Machine Learning with Elasticsearch using Eland

Machine Learning with Elasticsearch using Eland#

Introduction to Eland#

Eland is a Python package that provides a pandas-like interface for Elasticsearch data. It allows data scientists and analysts to work with Elasticsearch data using familiar pandas operations, making it easier to analyze and manipulate large datasets stored in Elasticsearch.

Python Libraries for Elasticsearch#

When working with Elasticsearch in Python, you have three main options:

  1. elasticsearch-py: The official low-level Python client for Elasticsearch
  2. elasticsearch-dsl-py: A higher-level, more Pythonic library built on top of elasticsearch-py
  3. eland: A pandas-like interface for Elasticsearch data analysis and machine learning

Each library serves different purposes:

# Using elasticsearch-py (low-level API)
from elasticsearch import Elasticsearch
client = Elasticsearch()

response = client.search(
    index="my-index",
    body={
      "query": {
        "bool": {
          "must": [{"match": {"title": "python"}}],
          "must_not": [{"match": {"description": "beta"}}],
          "filter": [{"term": {"category": "search"}}]
        }
      },
      "aggs" : {
        "per_tag": {
          "terms": {"field": "tags"},
          "aggs": {
            "max_lines": {"max": {"field": "lines"}}
          }
        }
      }
    }
)

# Using elasticsearch-dsl-py (higher-level API)
from elasticsearch import Elasticsearch
from elasticsearch_dsl import Search

client = Elasticsearch()

s = Search(using=client, index="my-index") \
    .filter("term", category="search") \
    .query("match", title="python")   \
    .exclude("match", description="beta")

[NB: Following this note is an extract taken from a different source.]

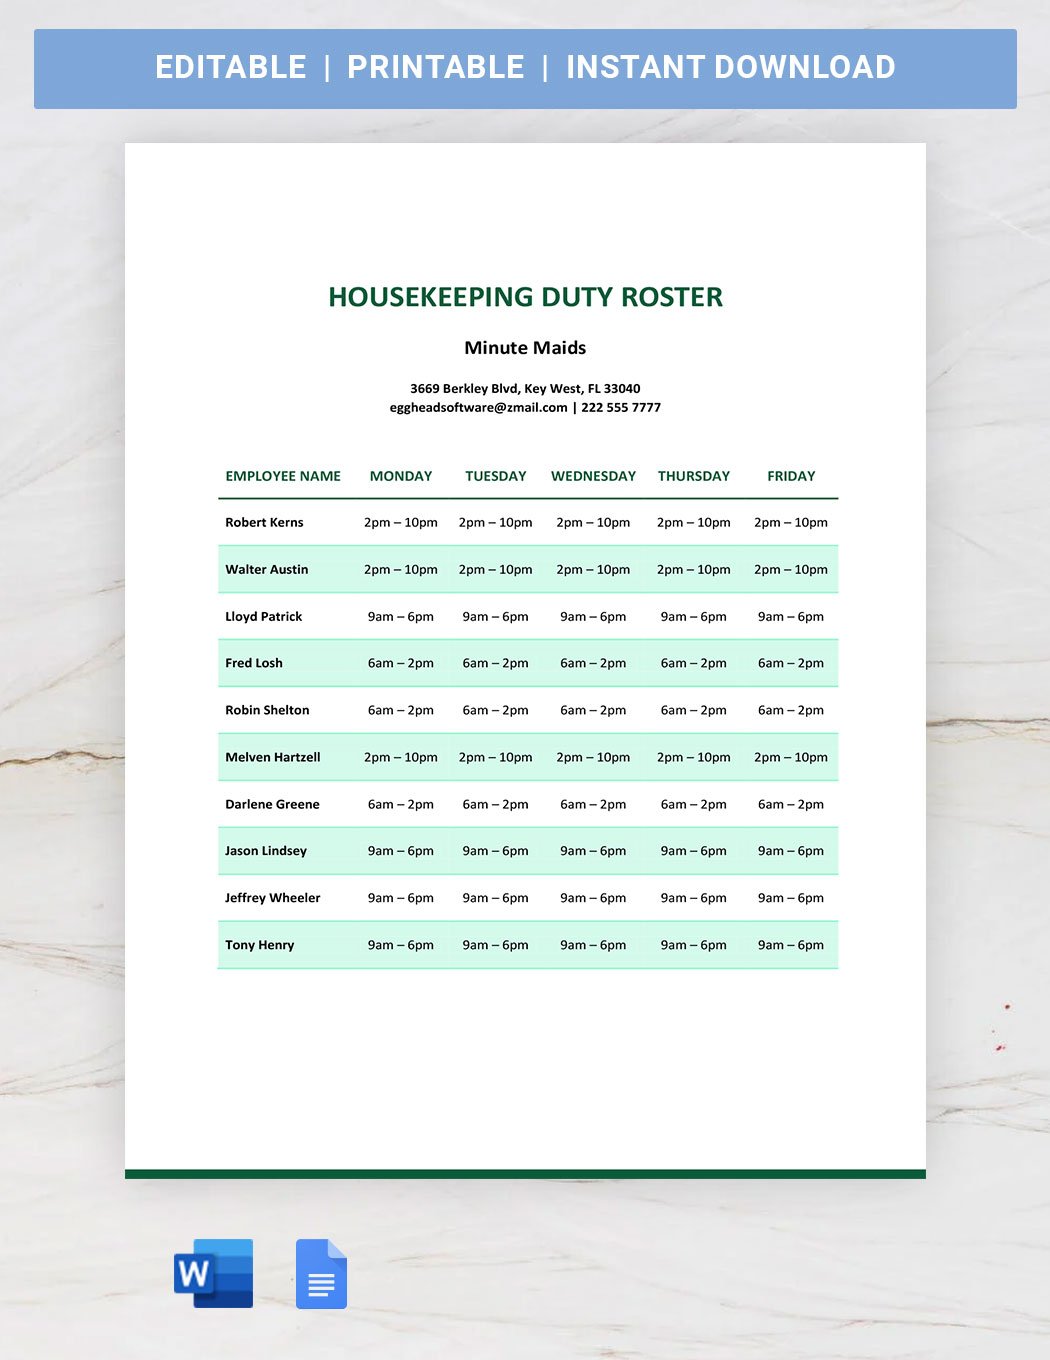 Housekeeping Duty Roster Template

s.aggs.bucket('per_tag', 'terms', field='tags') \
    .metric('max_lines', 'max', field='lines')

response = s.execute()

Why Eland?#

  • Seamless integration with pandas
  • Efficient handling of large datasets
  • Native support for Elasticsearch data types
  • Ability to perform complex aggregations
  • Memory-efficient operations
  • Machine learning model deployment capabilities

Getting Started#

Installation#

pip install eland

Basic Connection#

import eland as ed

# Connect to Elasticsearch
es = ed.Elasticsearch("http://localhost:9200")

# Create a DataFrame from an index
df = ed.DataFrame("my_index", es_client=es)

Key Features#

1. Data Loading and Exploration#

Eland makes it easy to load and explore Elasticsearch data:

# Load data from an index
df = ed.DataFrame("my_index", es_client=es)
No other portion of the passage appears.